In the name of efficiency, Macy’s also squandered the localized knowledge and customer relationships at each store in its fleet, as it centralized buying, merchandising and marketing. In peeling off all the local department store names and discontinuing their private labels — something previous corporate parents had avoided — Macy’s aimed to take advantage of what it saw as its powerful national brand. But the strategy engendered resentment among locals that the “My Macy’s” effort couldn’t appease, and in some places the ill will lingers to this day.

The mall location and the sameness of the merchandise turned out to be exactly wrong for the 21st century. Young consumers have embraced idiosyncrasy, seeking items via resale sites or limited drops, and no longer flock to the suburban shopping center, according to WD’s Peterson.

The question for Macy’s is: What next?

The future

It’s been more than a quarter century since Macy’s embarked on its grand national buildout, and it has succeeded in rendering itself a national retailer, if somewhat more subdued than it perhaps foresaw. The company now runs 512 stores under the Macy’s banner, plus 54 Bloomingdale’s stores and 160 Bluemercury spas; in its most recent quarter, 32% of its sales were online.

Judging from in-store shopping trend data crunched by analytics company App Science, Macy’s retains a strong following around the country, ranking fifth in the West, eighth in the Northeast and South, and tenth in the Midwest. Besting the department store, however, are its old discount foes Walmart and Target, which ranked above Macy’s in all regions.

The retailer has taken the note. In 2015, Macy’s opened its own off-price banner, Backstage, with plans to bring it to 270 of its stores and open some stand-alone locations away from the mall. Macy’s also realized the power of tech early on and was one of the first retailers to invest in e-commerce. In recent years it has employed and even acquired innovative retail concepts.

Macy’s needs to figure out how to operate profitably on the coasts, where they can really have a future.

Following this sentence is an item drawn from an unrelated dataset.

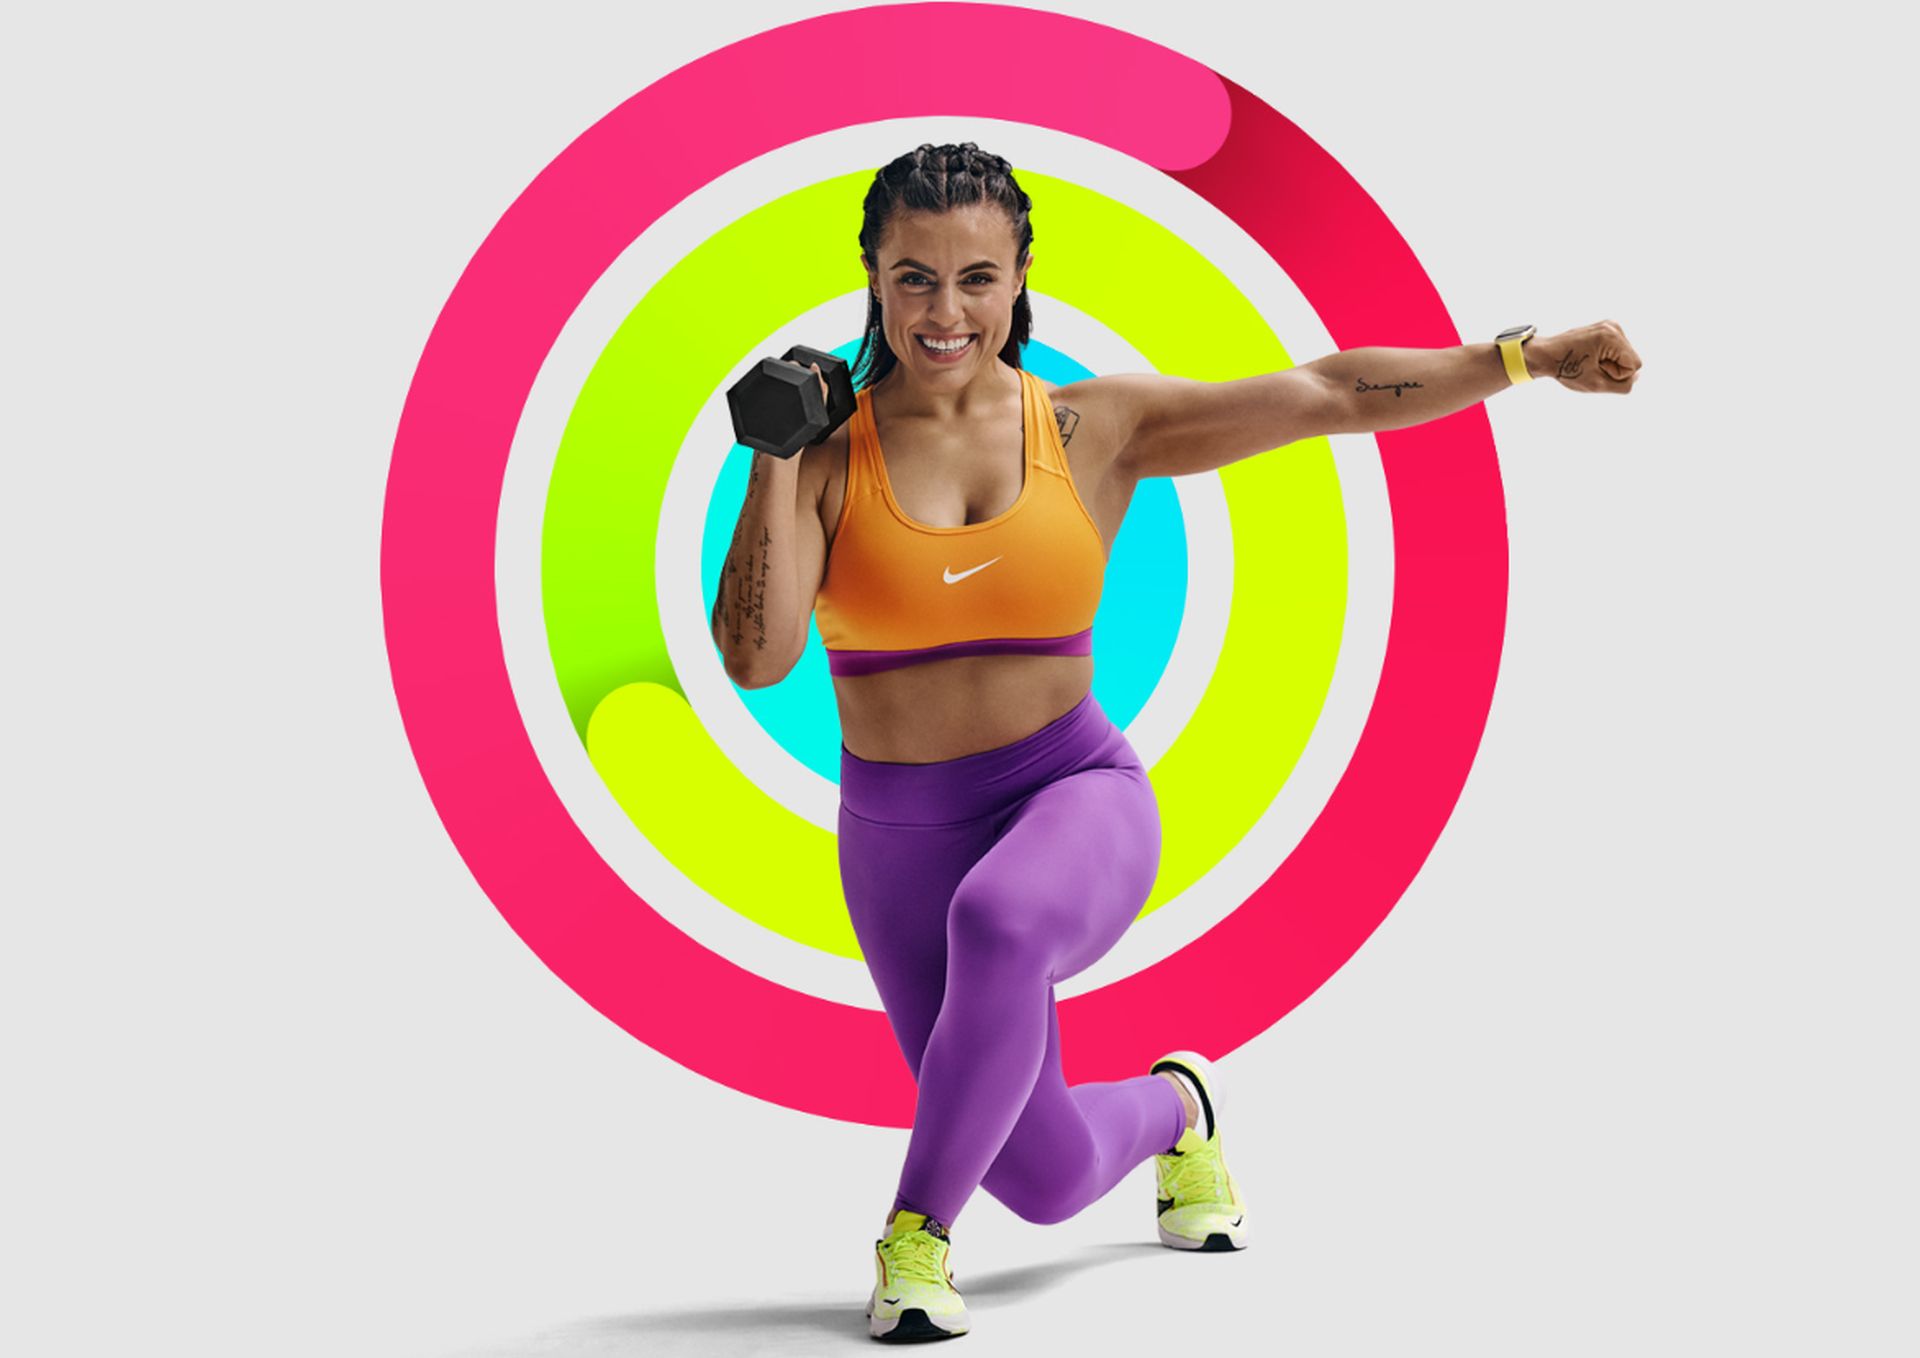 Apple Fitness Plus revamps workout options with Rihanna, Britney, and more

Nick Egelanian, president of retail development firm SiteWorks

Macy’s didn’t comment for this story. But the company itself, after setting out to conquer the department store business, may now be losing faith in it. Its experiment with small-format stores in strip centers takes it full circle, to its roots as a “small dry goods shop.” Its full-line fleet is smaller than ever, after already completing more than half the 125 closures it announced in 2020 as a three-year goal, in favor of a digital-first strategy. If it goes through with the e-commerce spinoff being pushed by activist investors, which many observers warn could hamper the overall operation, Macy’s could disappear even faster from the American landscape.

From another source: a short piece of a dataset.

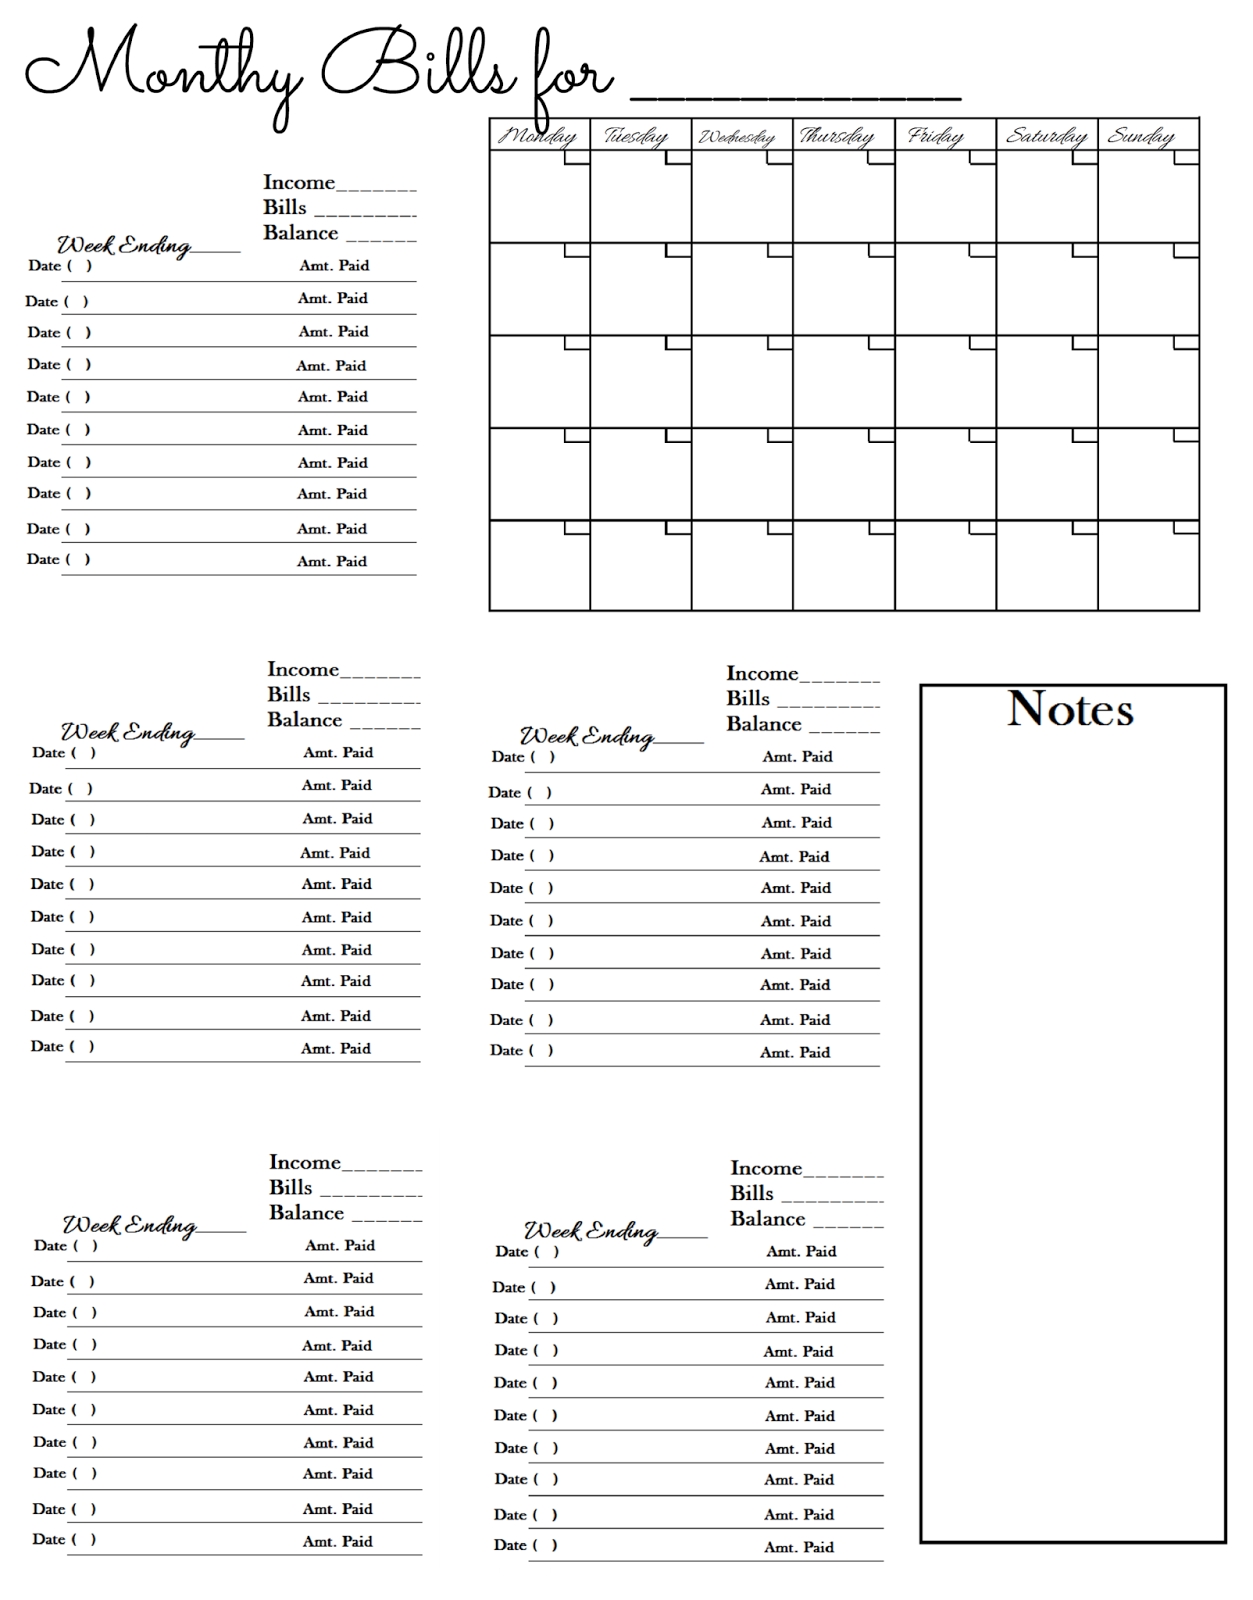 Glenda&#039;s World : Worksheet To Keep Track Of Paid Monthly Bills  Bills Paid In And Out Sheet

But Macy’s is unlikely to change the dynamic that in the past decade led to the loss of a quarter of its market share, mostly to off-price retailers, brands and Amazon, which consistently beat it on price, product or service, UBS analysts said in November. Indeed, it’s difficult to find an observer who believes that Macy’s has a game plan for a reality where the department store is an anachronism. Macy’s may need to retrench — return to running “100 department stores in the East, South and West” — in order to reinvent itself, according to SiteWorks’ Egelanian.

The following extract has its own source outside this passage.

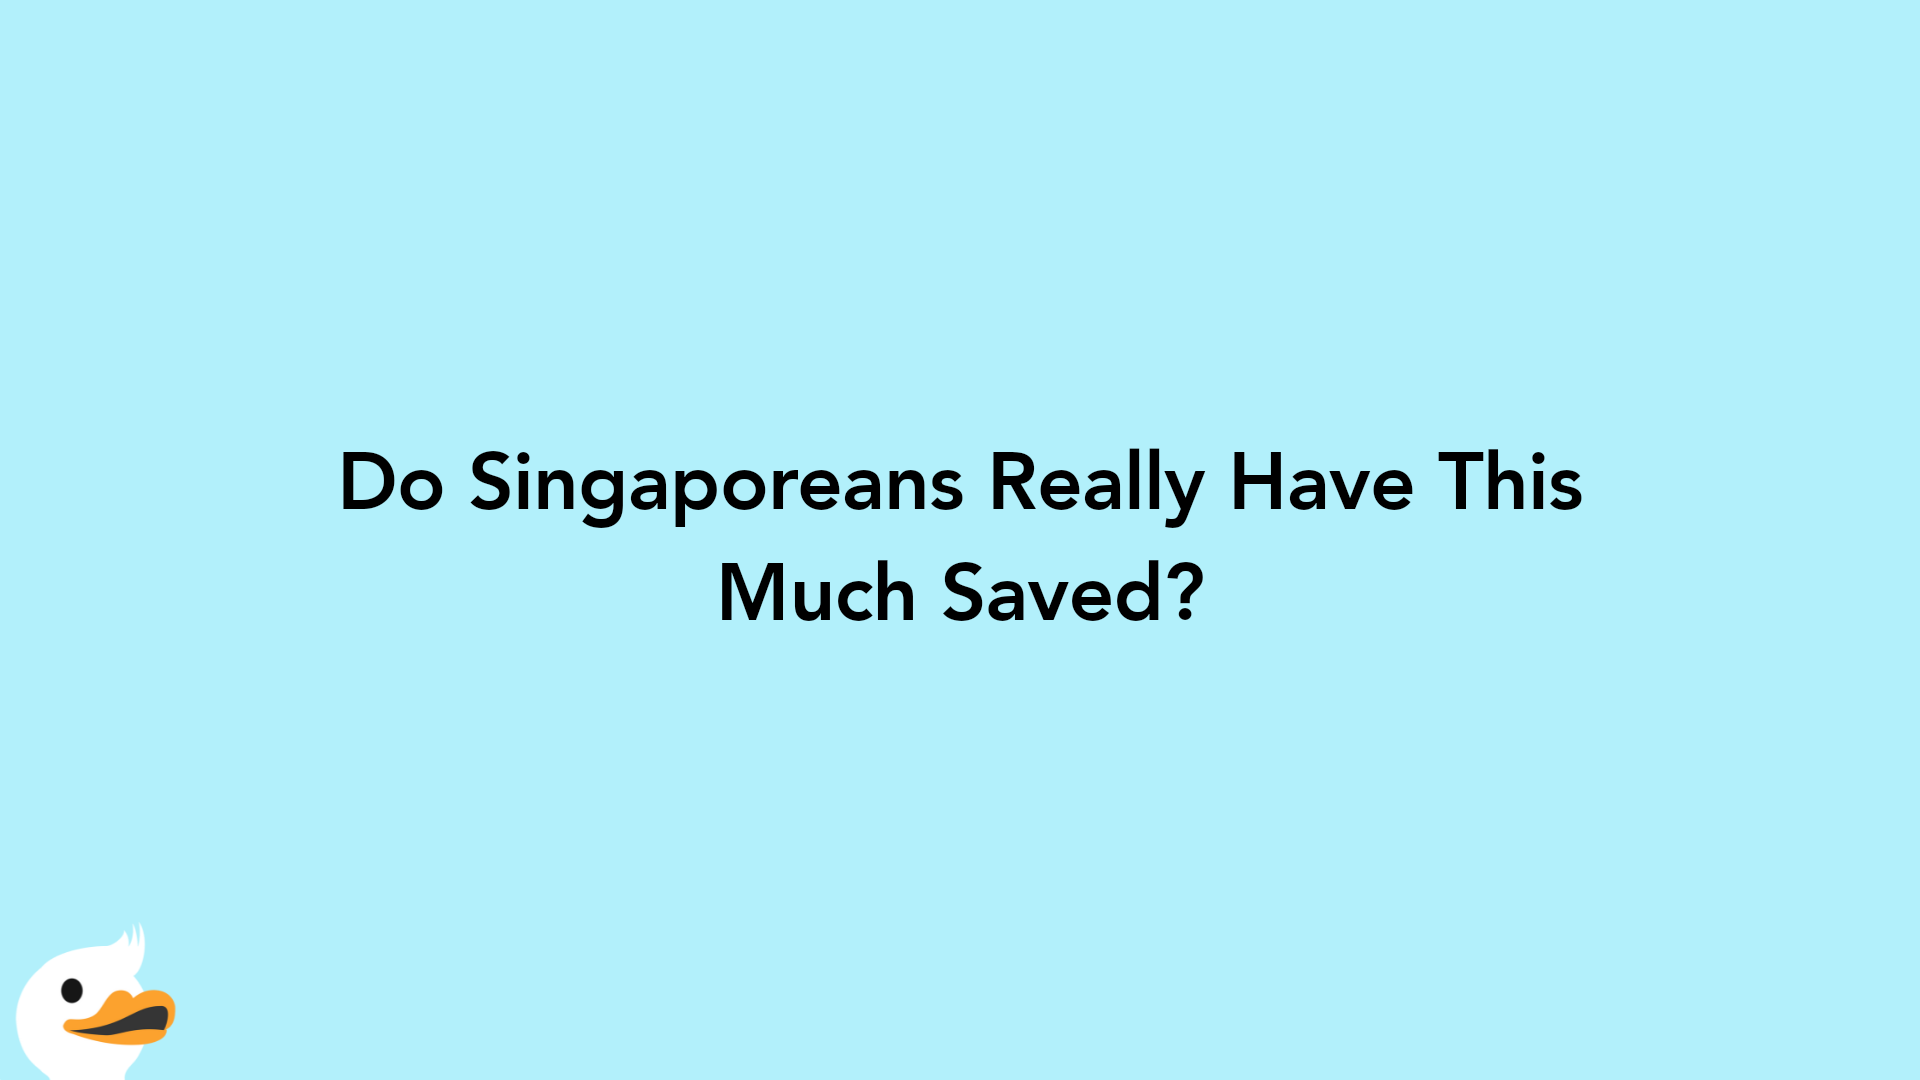 Do Singaporeans Really Have This Much Saved?

“They think their big enemy is the internet, and it’s not,” he said. “Their stores are old and tired, the malls they’re in are dying, and the merchandise they sell is ordinary and overpriced. Macy’s needs to figure out how to operate profitably on the coasts, where they can really have a future. The off-price and the secondary store locations that make up the majority of the company’s stores and square footage are nothing but a distraction, making it harder and harder for them to focus on the parts of the business that can survive.”